這種模式也是MapSide的join，而且可以進行兩個大數(shù)據(jù)集的join，然而，它有一個限制就是兩個數(shù)據(jù)集必須是相同組織形式的，那么何謂相同組織形式呢？
? An inner or full outer join is desired.
? All the data sets are sufficiently large.
? All data sets can be read with the foreign key as the input key to the mapper.
? All data sets have the same number of partitions.
? Each partition is sorted by foreign key, and all the foreign keys reside in the associated partition of each data set. That is, partition X of data sets A and B contain
the same foreign keys and these foreign keys are present only in partition X. For a visualization of this partitioning and sorting key, refer to Figure 5-3.
? The data sets do not change often (if they have to be prepared).
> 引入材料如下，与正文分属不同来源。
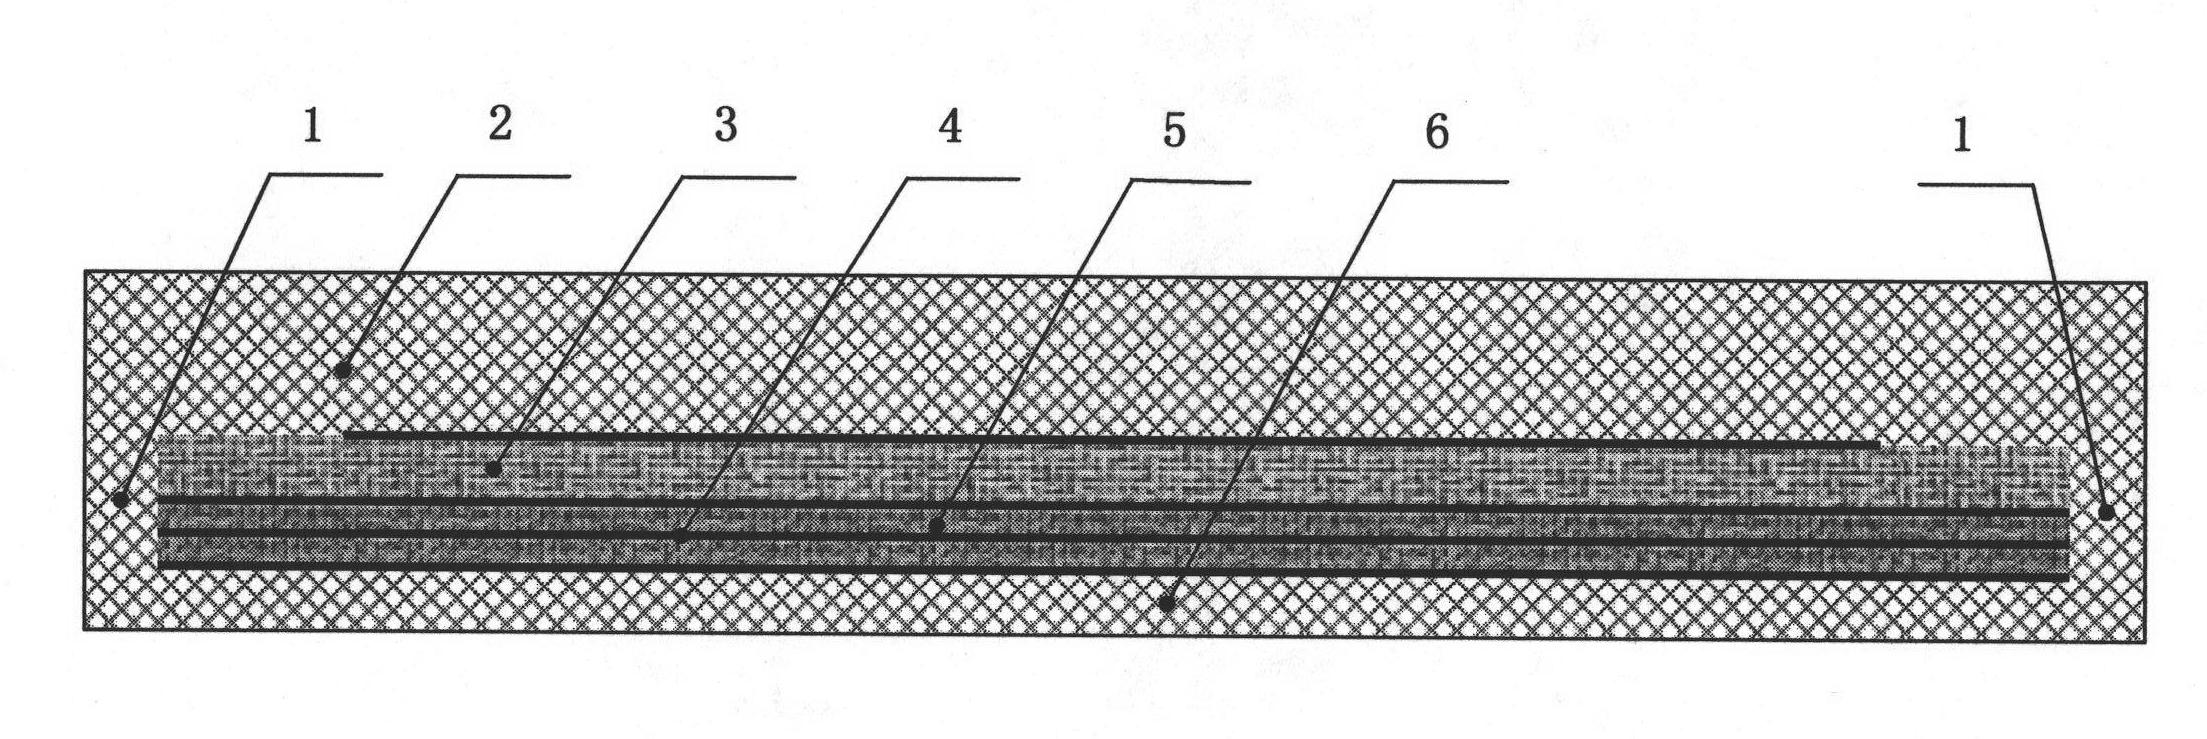 Tube-shaped flame retardant conveying belt with fabric laminations for coal mine

// The composite input format join expression will set how the records
// are going to be read in, and in what input format.
conf.set("mapred.join.expr", CompositeInputFormat.compose(joinType,
KeyValueTextInputFormat.class, userPath, commentPath));

4.4（笛卡爾）Cartesian Product

這個需要重寫InputFormat，以便兩部分?jǐn)?shù)據(jù)可以在record級別聯(lián)合起來。sample略。

5 (元模式)MetaPatterns

5.1（鏈?zhǔn)絁ob）Job Chaining

多種方式，可以寫在driver里邊，也可以用bash腳本調(diào)用。hadoop也提供了JobControl

可以跟蹤失敗的job等好的功能。

5.2（折疊Job）Chain Folding

ChainMapper and ChainReducer Approach，M+R*M

5.3（合并Job）Job Merging

合并job，就是把同數(shù)據(jù)的兩個job的mapper和reducer代碼級別的合并，這樣可以省去

I/O和解析的時間。

6 (輸入輸出)Input and Output Patterns

6.1 Customizing Input and Output in Hadoop

InputFormat
getSplits
createRecordReader
InputSplit
getLength()
getLocations()
RecordReader
  initialize
  getCurrentKey and getCurrentValue
  nextKeyValue
  getProgress
  close
OutputFormat
  checkOutputSpecs
  getRecordWriter
  getOutputCommiter
RecordWriter
write
close

6.2 (產(chǎn)生Random數(shù)據(jù))Generating Data

關(guān)鍵點：構(gòu)建虛假的InputSplit，這個不像FileInputSplit基于block，只能去騙hadoop了。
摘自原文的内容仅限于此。